Associate Professor in Psychiatry and Behavioral Sciences

As a clinical and developmental psychologist, my mission is to promote infant and early childhood mental health. My scientific focus is to better understand the intergenerational transmission of risk for mental health problems. In the CAN lab we document how exposures the pregnant person had throughout the lifespan can impact the pregnancy, preterm birth risk, newborn neurodevelopment, and susceptibility for psychopathology. Emotion dysregulation is a transdiagnostic, early-emerging marker of risk for a wide range of psychiatric outcomes, including ADHD, mood, and bipolar disorder. We study how emotion dysregulation – a modifiable intervention target – emerges early in development to inform preventive intervention efforts that begin prenatally and in the first year of life. Pregnant people with emotion dysregulation are also susceptible to a wide range of health risk behaviors, including substance use. Another line of research involves understanding how prenatal substance exposure, in combination with associated environmental exposures, affects neurodevelopment and mental health outcomes in early childhood. The overarching goal of my research is to leverage this science to prevent intergenerational transmission of mental health problems.

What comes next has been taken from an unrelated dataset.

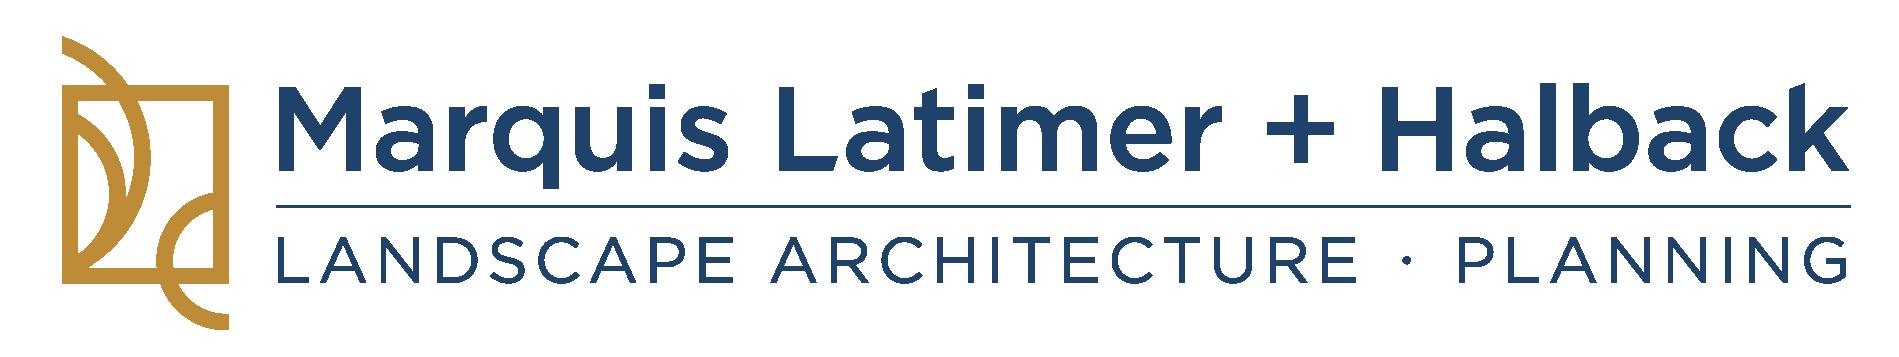 Marquis Latimer plus Halback Logo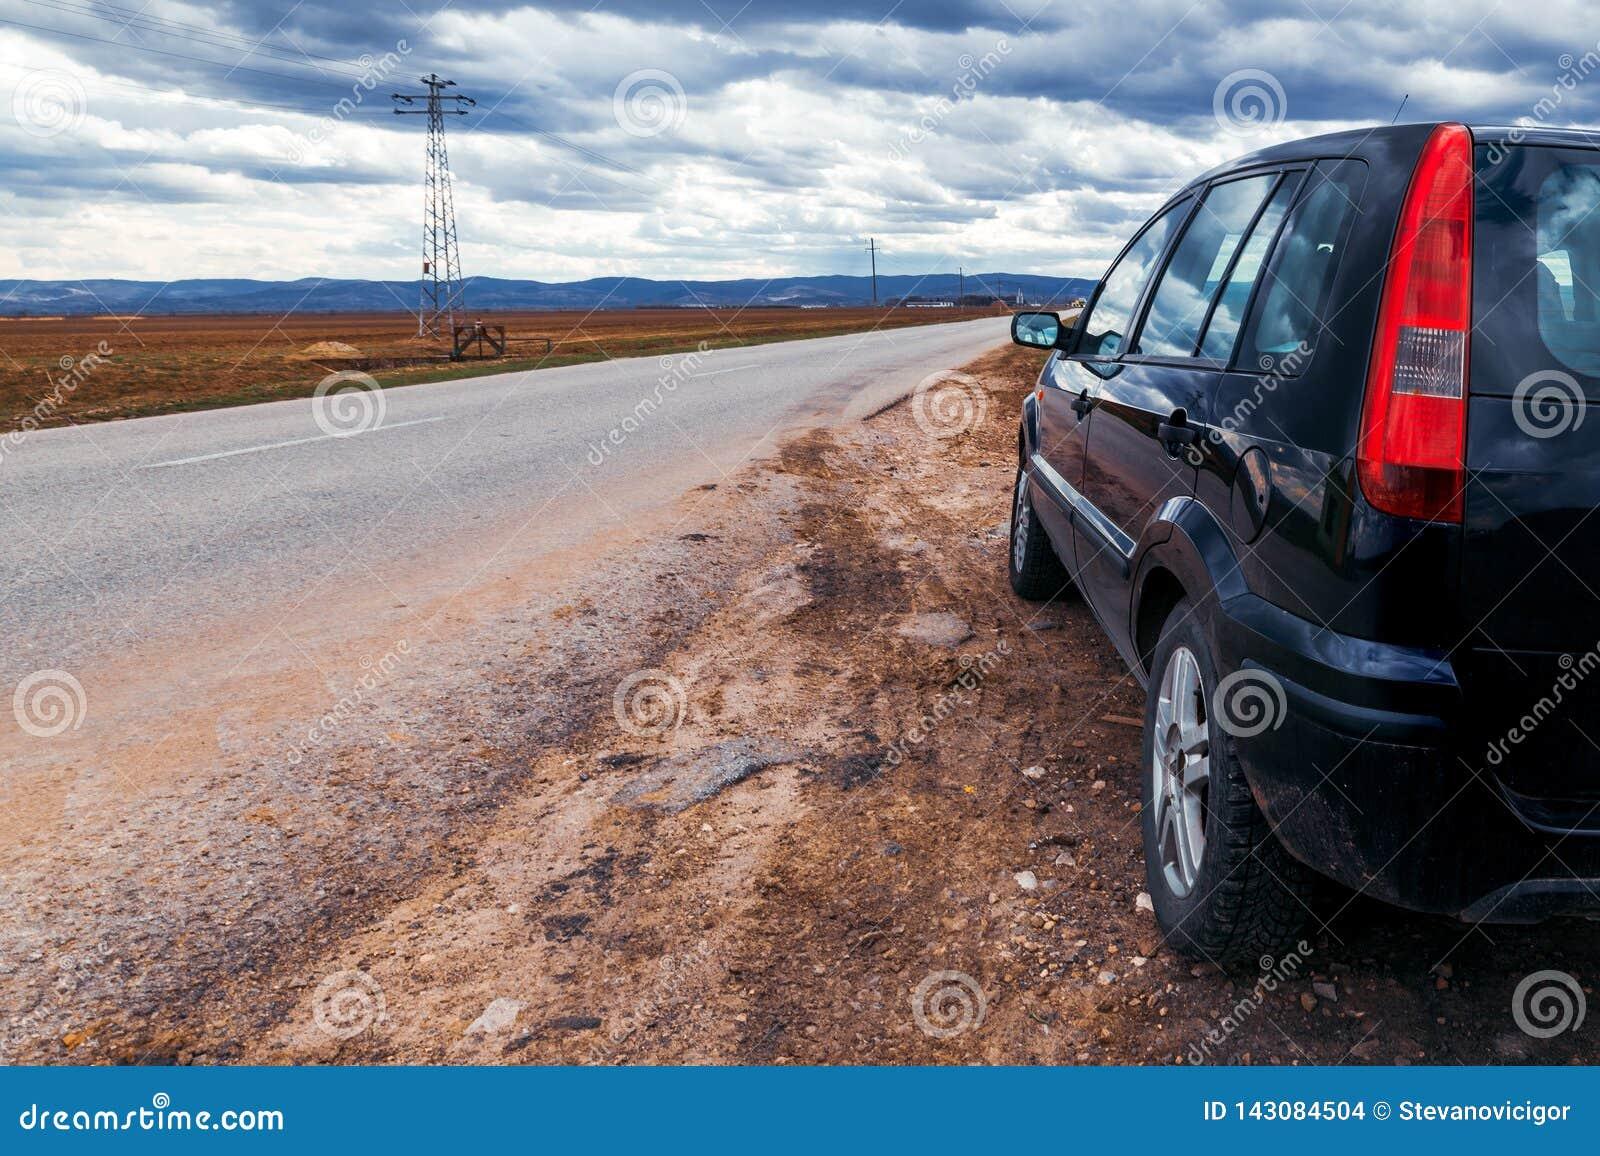 Σπασμένο αυτοκίνητο από ο δρόμος που σταματά τη θυελλώδη ημέρα

I am Associate Professor in Psychiatry, and adjunct Associate Professor of Pediatrics at Duke University. Before coming to Duke, I was Associate Professor in the Department of Psychology, and adjunct Associate Professor in the Departments of Obstetrics & Gynecology and Pediatrics at the University of Utah. I received my PhD in Clinical Psychology at the University of Oregon and completed my clinical internship in Early Childhood Mental Health at the Children’s Hospital of Philadelphia. I have been continuously funded by the NIH since 2011 when I was awarded an F32 postdoctoral fellowship to examine the biological embedding of early life stress in children with prenatal substance exposure at Brown University. My work has been covered in media outlets like NPR and I have received multiple national and international early career research awards.